• **Prompt**
Beginning with the line of the entries below that holds "Junges Mädchen Prellen" and ending with the line that holds "A TOAST 04 #truss", transcribe each line exactly as written. Pictures stay out.

• **Task input**

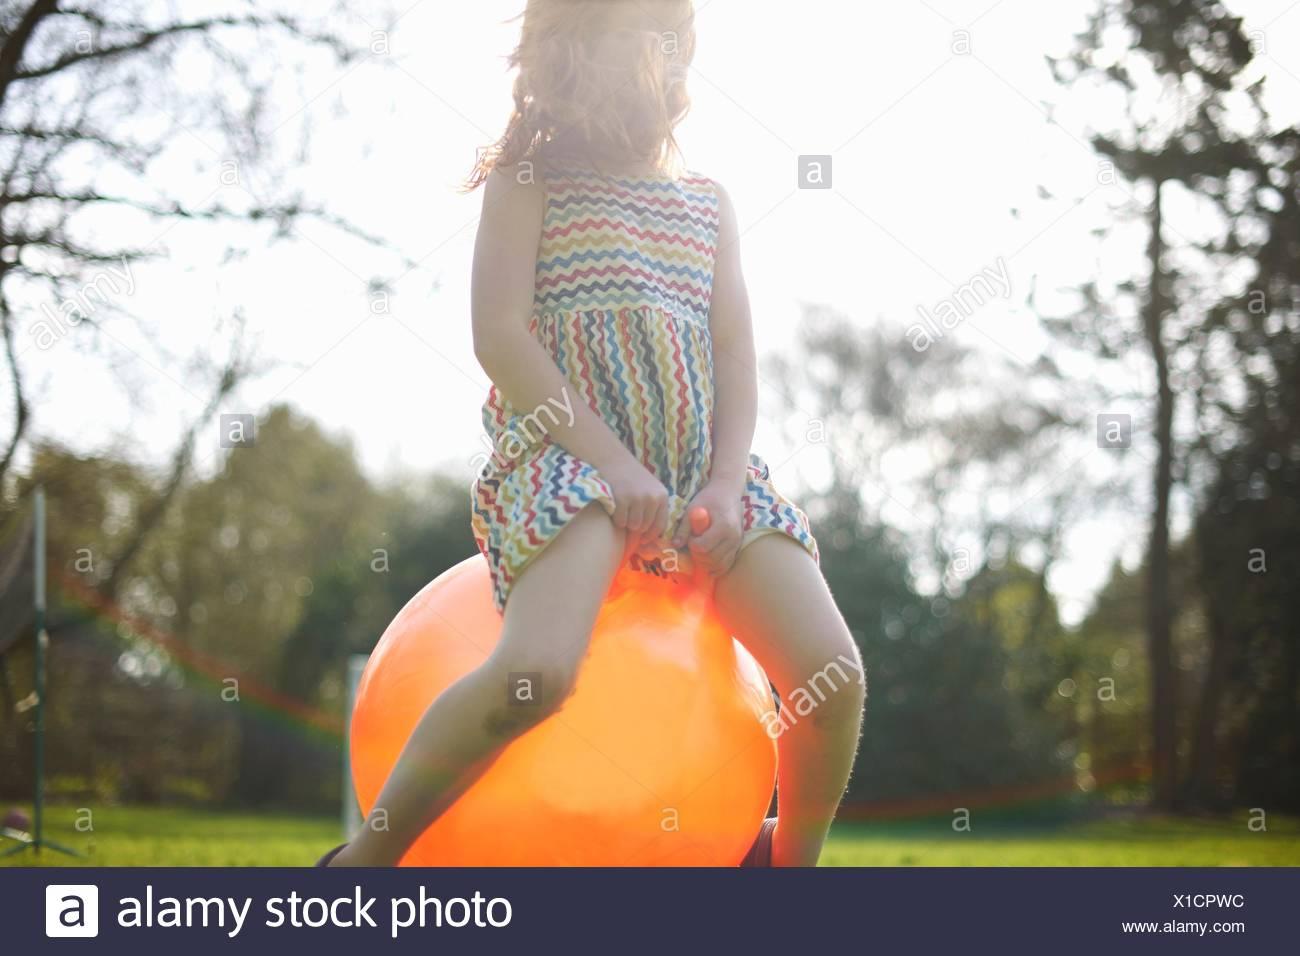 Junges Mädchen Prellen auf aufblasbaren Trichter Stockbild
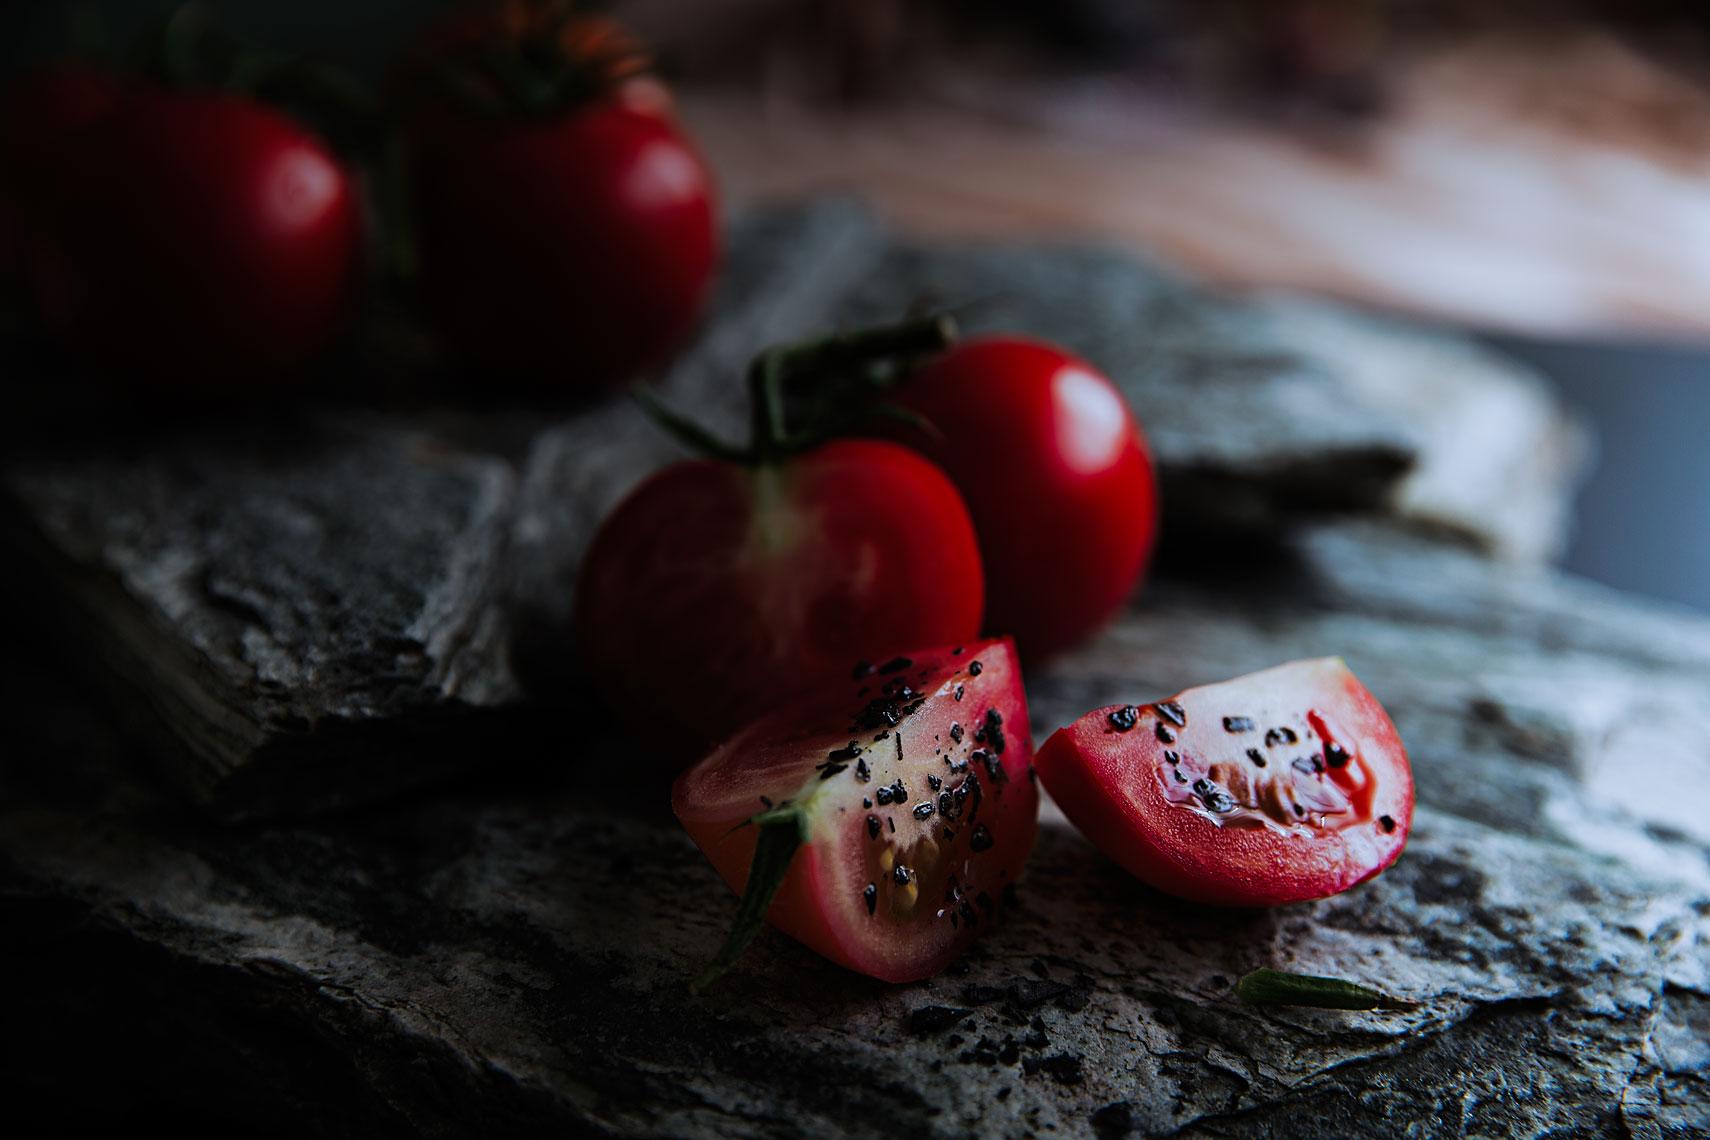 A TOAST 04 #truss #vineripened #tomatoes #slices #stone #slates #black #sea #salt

---

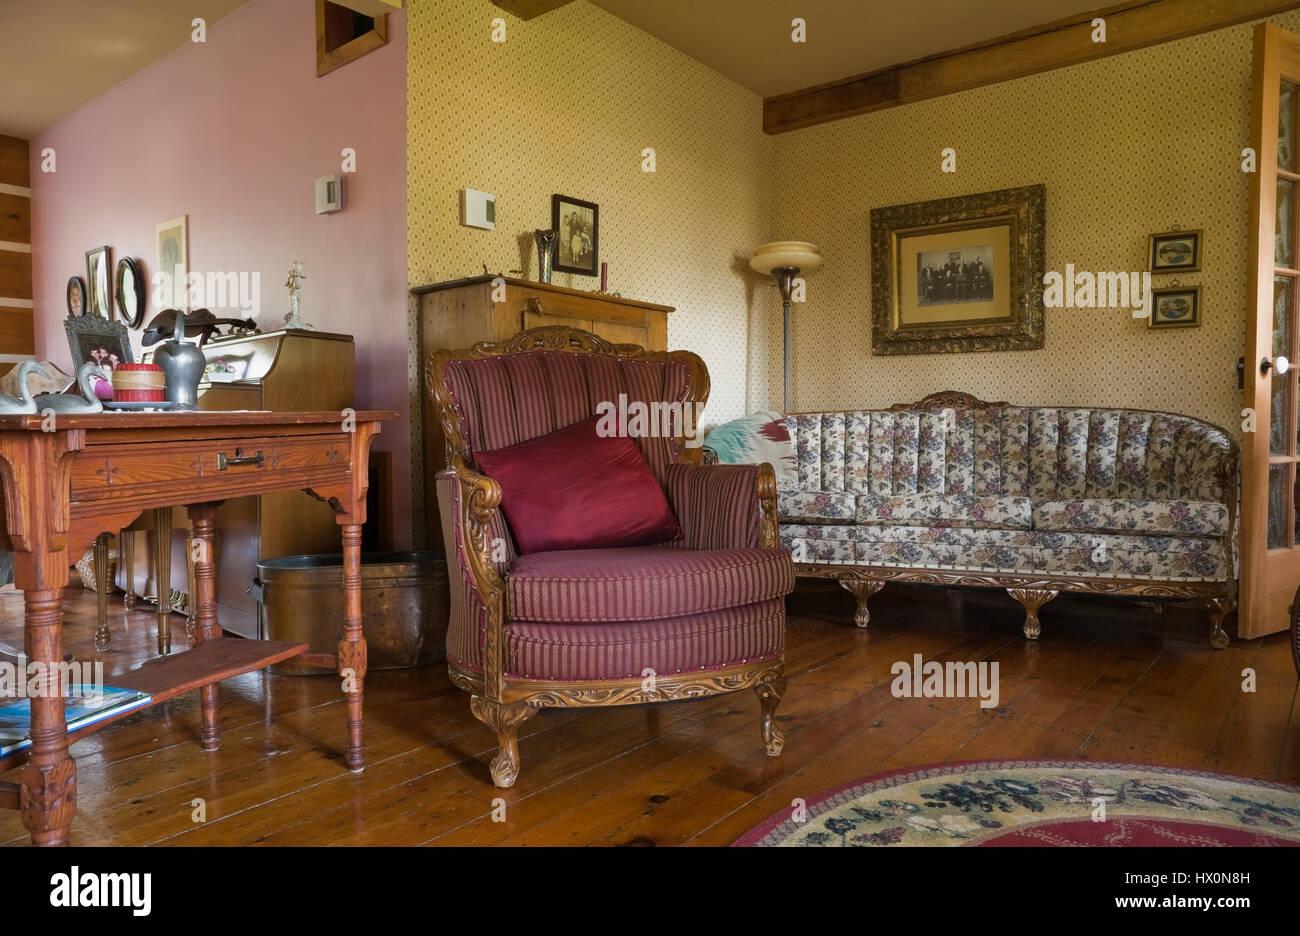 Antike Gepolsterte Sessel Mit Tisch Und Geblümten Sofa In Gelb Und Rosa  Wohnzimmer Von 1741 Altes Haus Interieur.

• **Output of the task**
 Junges Mädchen Prellen auf aufblasbaren Trichter Stockbild
 A TOAST 04 #truss #vineripened #tomatoes #slices #stone #slates #black #sea #salt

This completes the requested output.